-- DATA TO USE follows --

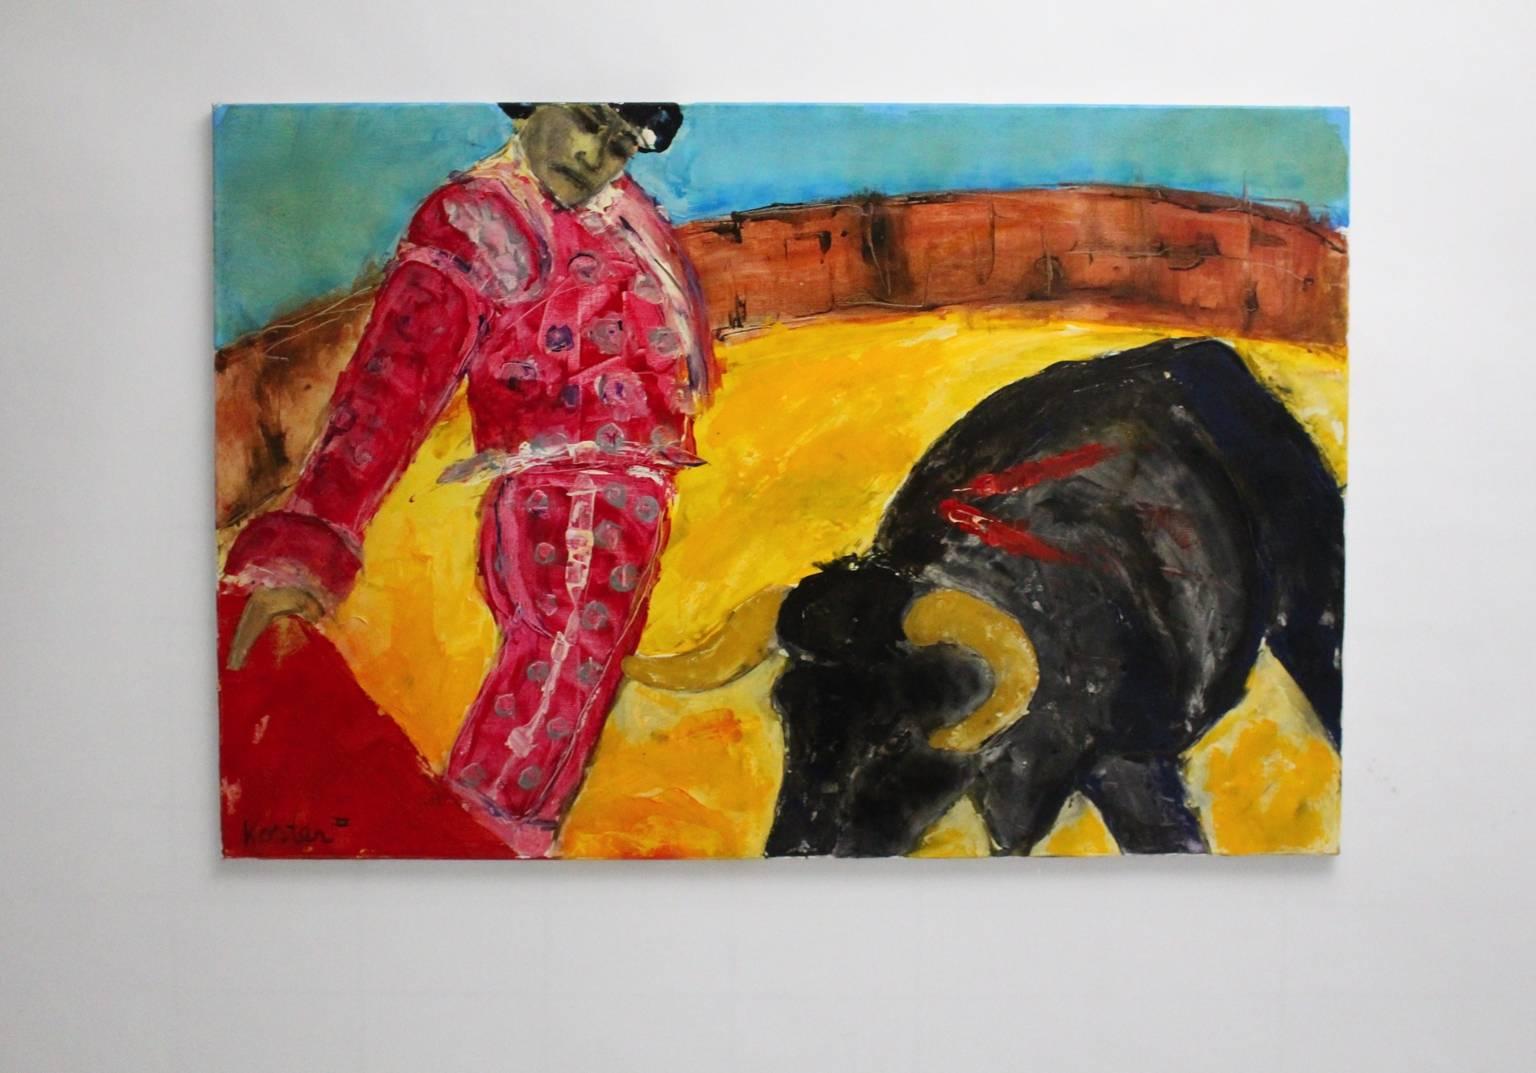 Peinture à l'huile moderne multicolore des années 1980 par Koster.
Le motif montre un torero espagnol et un taureau dans l'arène.
très bon état
mesures approximatives :
Largeur 150 cm
Hauteur 100 cm
Profondeur 2,5 cm

-- DATA TO USE concluded --

- _WHAT YOU ARE ASKED TO DO_
Reproduce all of the entries exactly as they appear, though any picture they include must be omitted.

- _WRITTEN RESPONSE_
 Peinture à l'huile moderne multicolore des années 1980 par Koster.
Le motif montre un torero espagnol et un taureau dans l'arène.
très bon état
mesures approximatives :
Largeur 150 cm
Hauteur 100 cm
Profondeur 2,5 cm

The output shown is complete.